Use a balanced scoring rule so K2 is not only rewarded for retrieving guides:

| Component | Weight |
| --- | ---: |
| Focused tests and build verification | 40% |
| Expected files/modules touched | 25% |
| Required behavior or diff-pattern checks | 15% |
| Confluence/internal guide compliance | 10% |
| Review scope and safety | 10% |

Also report pass/fail with the guide-compliance component removed. This directly addresses the "circular benchmark" critique.

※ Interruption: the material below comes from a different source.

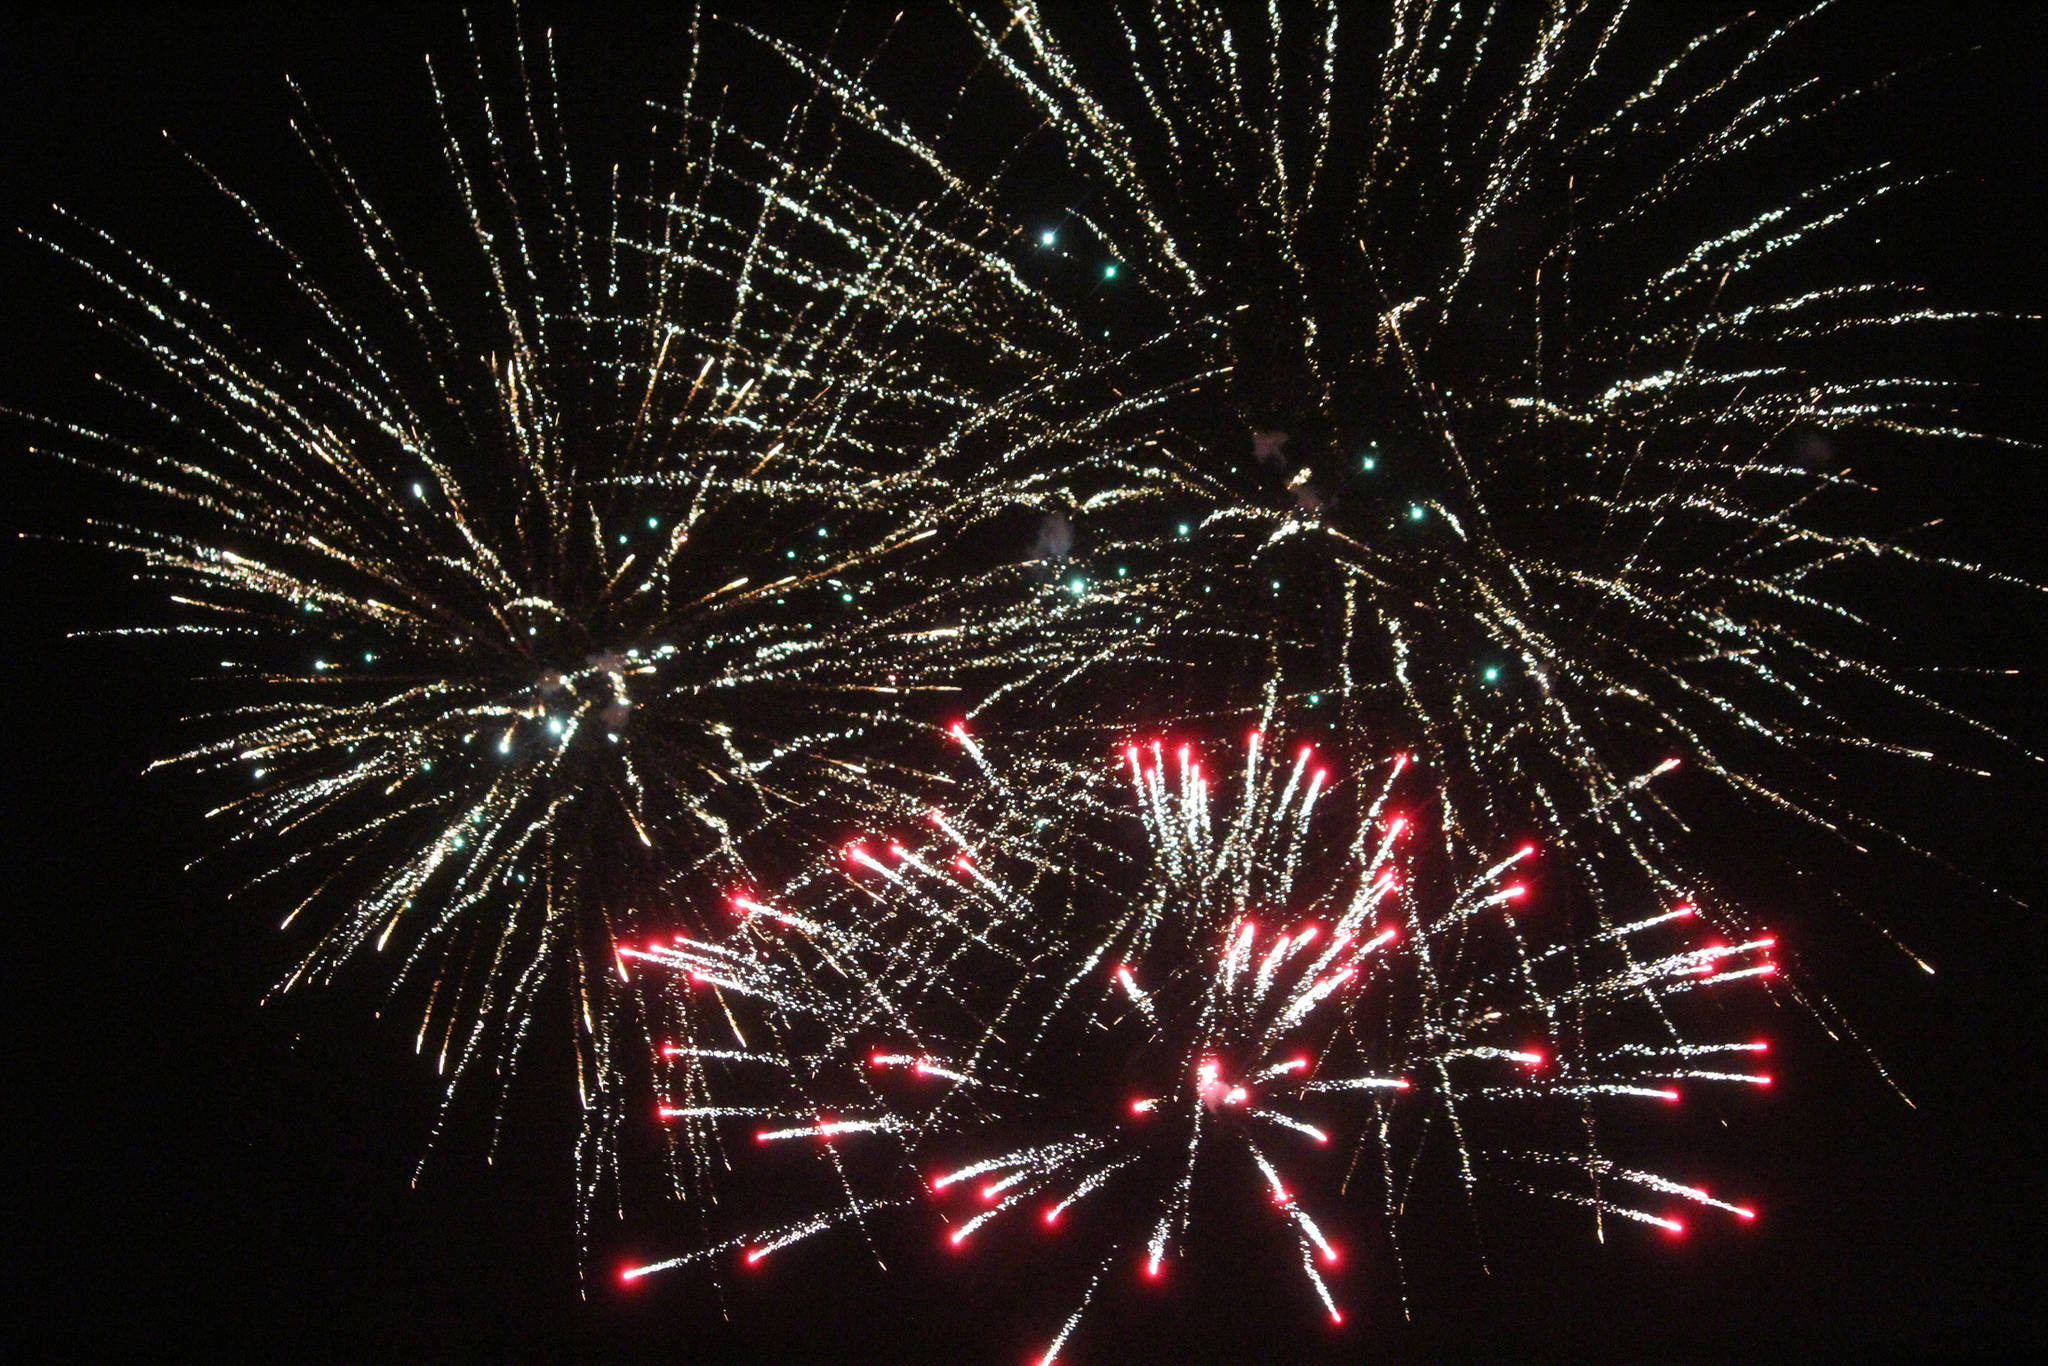 Homer gets second year of crowdfunded fireworks

For the public Flink/Kafka run, the full rubric shows K2 MCP at 96 / 100 accepted patches, the repo-only baseline at 31 / 100, and the Context7 public-docs MCP arm at 24 / 100. The guide-guardrail-ablated control narrows the comparison to K2 98 / 100, repo-only baseline 96 / 100, and Context7 public-docs MCP 52 / 100. This should be disclosed wherever the benchmark is cited: the full score shows the guide-retrieval advantage, while the ablation prevents the guide-compliance component from carrying the claim by itself.

## Data To Ingest

| Source | Minimum metadata | Why it matters |
| --- | --- | --- |
| Java source | repo, module, package, class, owner team | Exact symbols, controller/service boundaries, DTO usage. |
| Tests | repo, module, package, test class, source type | Test examples and verification commands. |
| Confluence | space, page ID, title, version, owner, last updated | Internal guidance, architecture rules, onboarding docs. |
| ADRs/RFCs | doc type, component, decision status | Why patterns exist and what should not change. |
| API docs | API surface, version, generated source | API contracts and request/response structures. |

## Demo Flow

1. Start with the architecture: customer knowledge -> K2 collections/agents/feed/pipeline -> MCP -> coding agent -> reviewed patch.
2. Show the Flink/Kafka result as supporting evidence with caveats.
3. Show the pilot design and ask for one module plus one Confluence page tree.
4. Demonstrate what K2 retrieval would look like:
   - "How do we add a controller in module X?"
   - "Which DTO pattern should this endpoint use?"
   - "Which test should be extended?"
   - "Which Confluence rule applies?"
5. Close on the replication ask: 5-10 tasks, scored together, using their code and docs.

## Success Criteria

Minimum success:

- K2 improves accepted patch rate by at least 20 percentage points over current workflow.
- K2 retrieves relevant Confluence/code/test sources with citations.
- K2 reduces repeated developer context-pasting.
- Lead developer agrees retrieved sources are relevant.

Strong success:

- K2 improves accepted patch rate and tokens per accepted patch.
- K2 reduces guide/compliance-related review comments.
- K2 passes focused tests more often.
- VP R&D sees a path to lower rework and faster onboarding.
- Security reviewer accepts the deployment model.

## Buying Argument

The buying argument is not "K2 beat a benchmark." The buying argument is:

> If K2 improves accepted patches and reduces review rework on your own Java service and Confluence guidance, it becomes a development workflow layer for every team using coding agents against the financial application.

## Decision Request

Ask the customer to agree to a short pilot:

- nominate one Java module;
- export or grant access to one Confluence page tree;
- identify 5-10 representative tasks;
- assign one Java TL to validate scoring;
- choose SaaS, single-tenant, VPC, or self-hosted deployment path for the pilot.